DURHAM, N.C. -- We've all been asked at routine visits to the doctor to record our family's history with medical problems like cancer, diabetes or heart disease. But when it comes to mental disorders, usually mum's the word.
New findings by researchers at the Duke Institute for Genome Sciences & Policy (IGSP) make a strong case for changing that status quo. They have found that 30 minutes or less of question-and-answer about the family history of depression, anxiety, or substance abuse is enough to predict a patient's approximate risks for developing each disorder and how severe their future illness is likely to be.
"There are lots of kids with behavior problems who may outgrow them on their own without medication, versus the minority with mental illnesses that need treatment," said Terrie Moffitt, a professor of psychology and neuroscience in the IGSP. "Family history is the quickest and cheapest way to sort that out."
Researchers who are on the hunt for genes responsible for mental disorders might also take advantage of the discovery, added Avshalom Caspi, an IGSP investigator and professor of psychology and neuroscience. "It suggests they may be better off selecting people with more serious illness or, better still, collecting family history information directly," he said.
That mental illnesses tend to run in families is certainly no surprise. In fact, psychiatric conditions are some of the most heritable of all disorders. But the link between family history and the seriousness of psychiatric disease has been less certain.
Moffitt, Caspi and their colleagues looked to 981 New Zealanders born at a single hospital in 1972 or 1973, who are participants in what is known as the Dunedin Study. Researchers have been tracking the physical and mental health and lifestyles of those enrolled in the longitudinal study since they were 3 years old.

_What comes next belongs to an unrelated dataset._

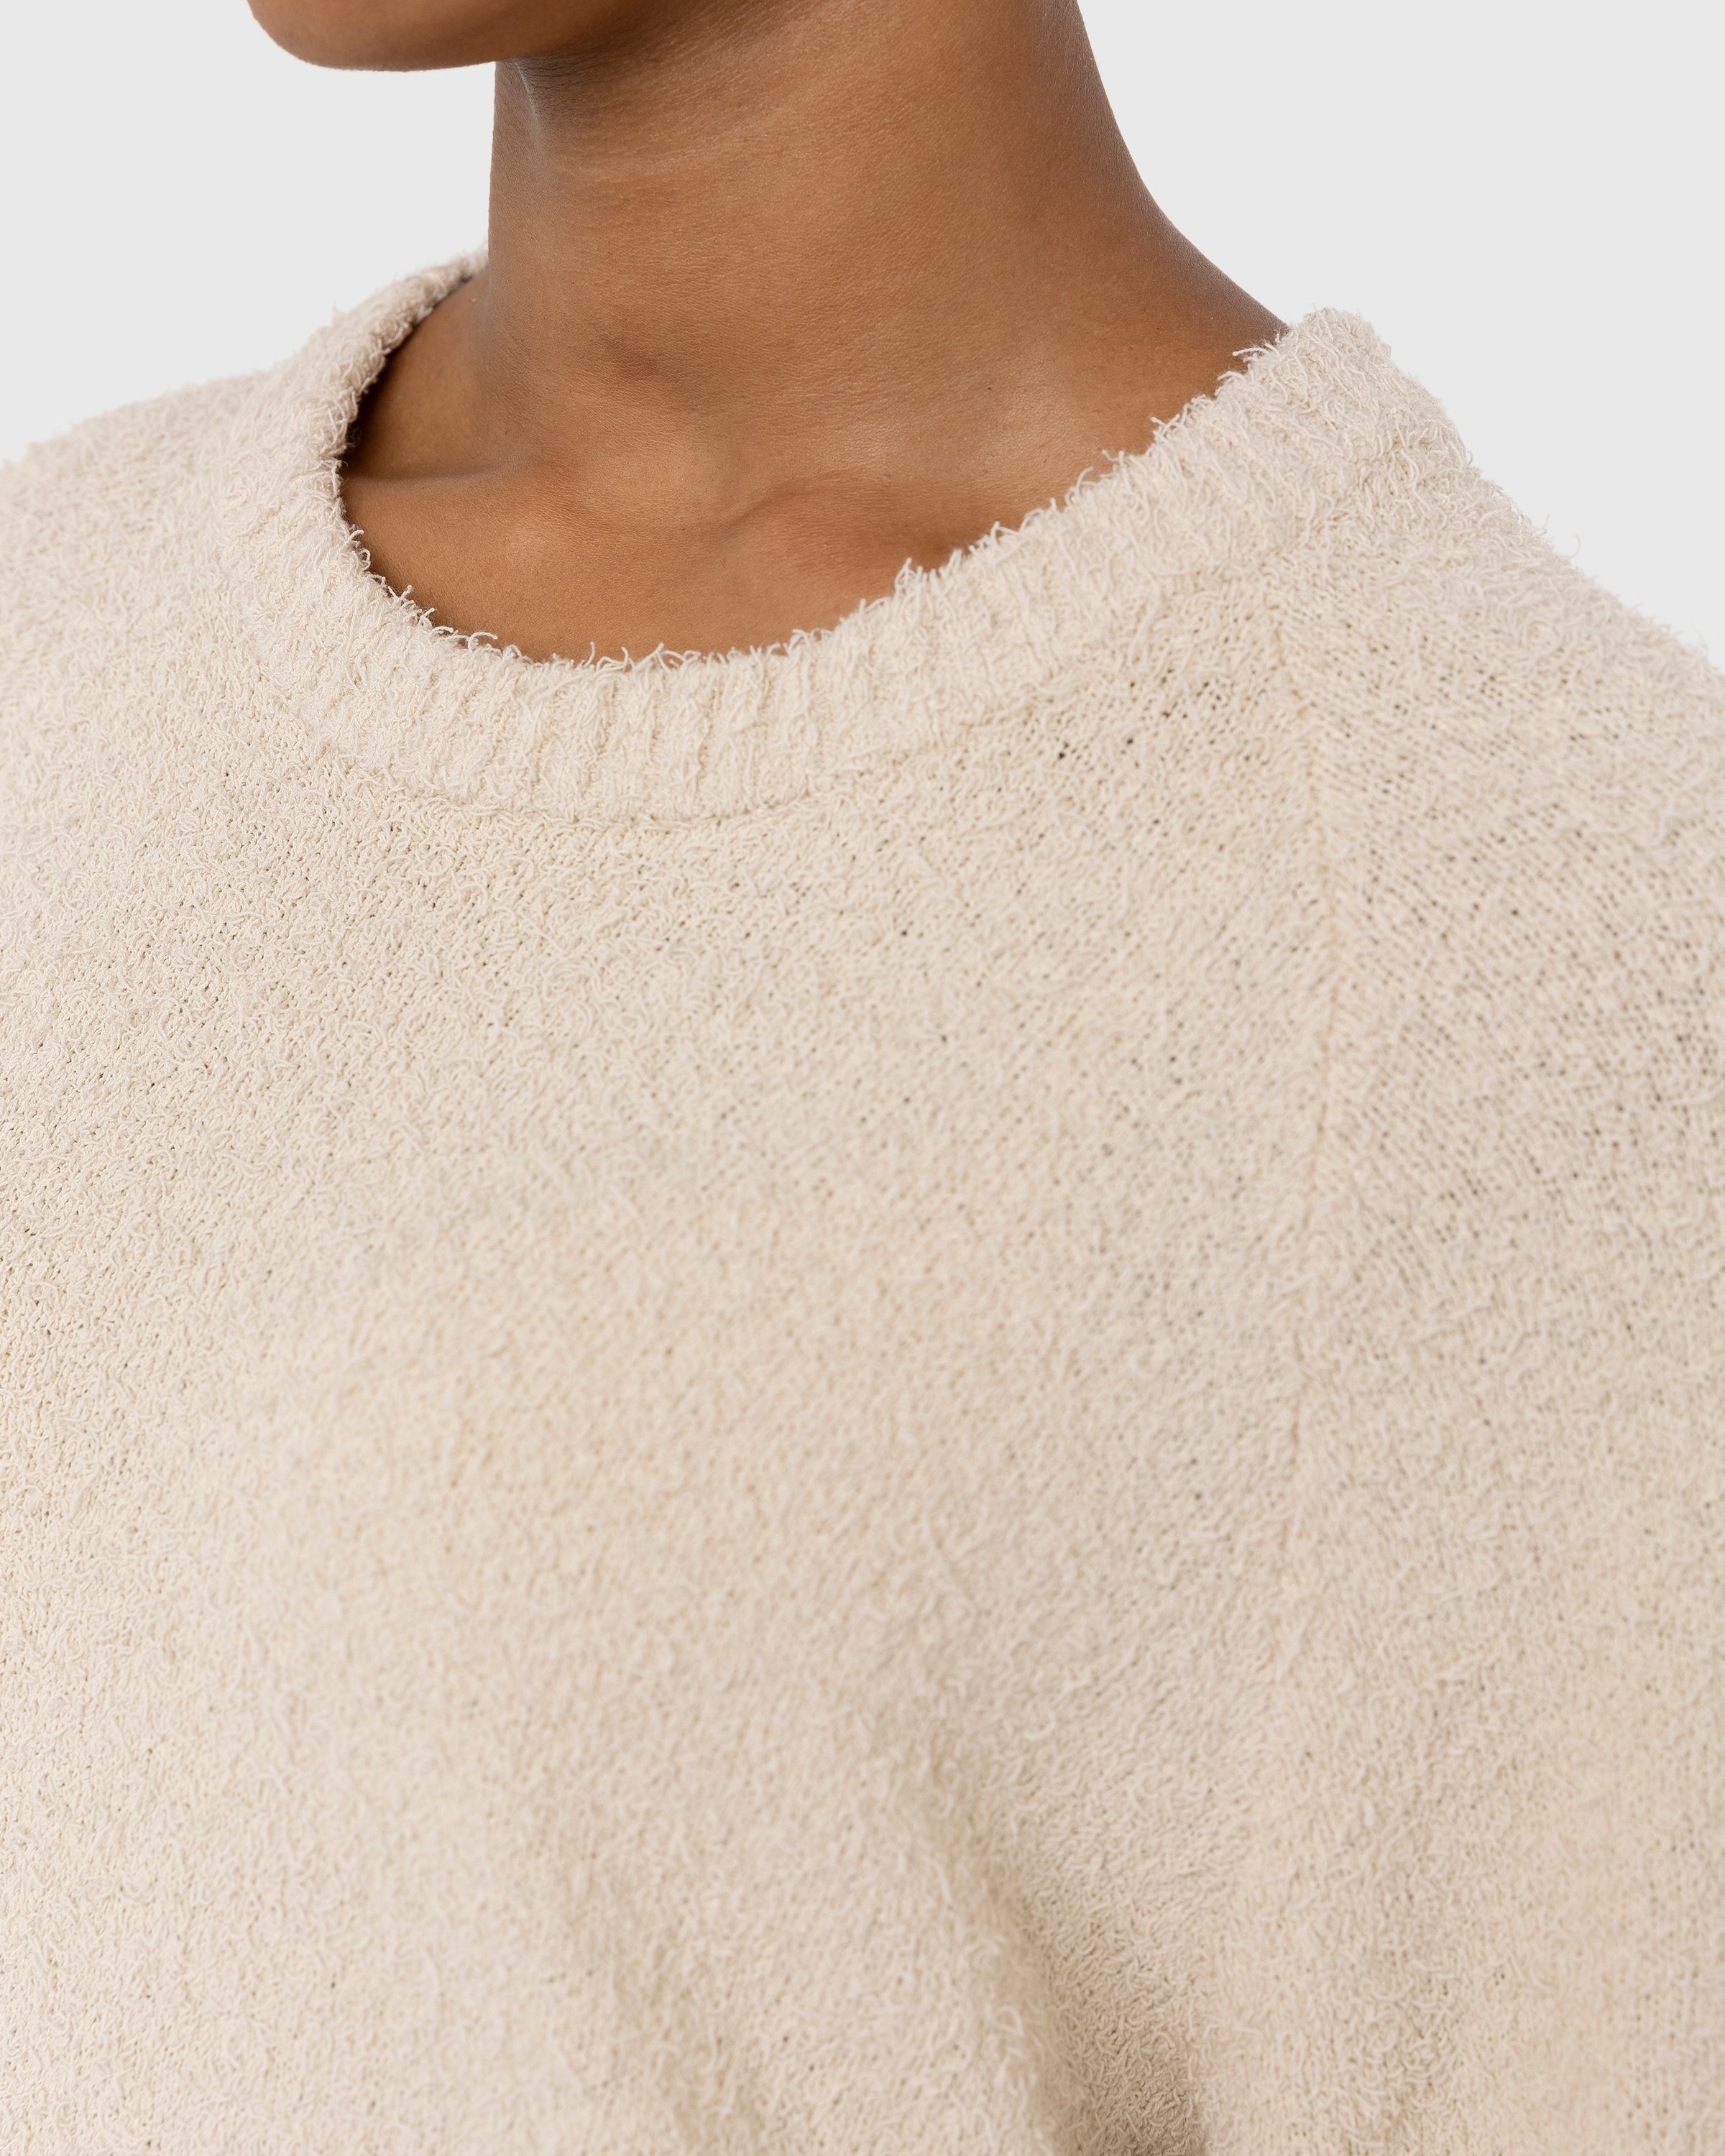 Highsnobiety – Raglan Crewneck Sweater Beige - Crewnecks - Beige - Image 6

In this case, Caspi and Moffitt's team tested each individual's personal experience with depression, anxiety, alcohol dependence and drug dependence in relation to their family history "scores" - the proportion of their grandparents, parents and siblings over age 10 who were affected. The analysis shows that family history can predict a more recurrent course of each of the four disorders. It is also indicative of those more likely to suffer a worse impairment and to make greater use of mental health services. Contrary to earlier reports, those with a stronger family history did not necessarily develop their disorders at an earlier age.
Family history could be used to identify those in need of early intervention or more aggressive treatment, the researchers said. But if a few, simple questions could have that much value, why has family history been ignored for so long?
Moffitt said that health professionals have shied away from questioning people about their family history of mental illnesses because of the stigma attached to them. "There's a sense that families are not as open about mental disorders -- that people may not know or may make incorrect assumptions," she said.
The new findings suggest those concerns may be overblown. One key, they say, is in how you go about asking the questions.
For example, instead of asking each person if any of their relatives had a history of anxiety disorder outright, the researchers asked, "Has anyone on the list of family members ever had a sudden spell or attack in which they felt panicked?" If the interviewee came up with a name, they were then asked, "Did this person have several attacks of extreme fear or panic, even though there was nothing to be afraid of?"
There is another very practical reason that those in the mental health profession don't ask about family history. The "bible of psychiatry," officially known as The Diagnostic and Statistical Manual of Mental Disorders (DSM), makes no mention of it. The DSM is the primary tool for making mental health diagnoses and delivering mental healthcare in the U.S. and, to some extent, in other countries around the world.
"There's nothing about family history in the DSM even though it may be the most important," Moffitt said. There will soon be an opening to fix that. Experts including Moffitt are now in the process of revising the DSM, which is currently in its fourth edition. The next edition, DSM-V, is due for publication in 2012.
Coauthors on the study include HonaLee Harrington of Duke; Barry Milne of the University of Auckland; Michael Rutter of King's College London; and Richie Poulton of the University of Otago. The original report appears in the July 2009 issue of Archives of General Psychiatry.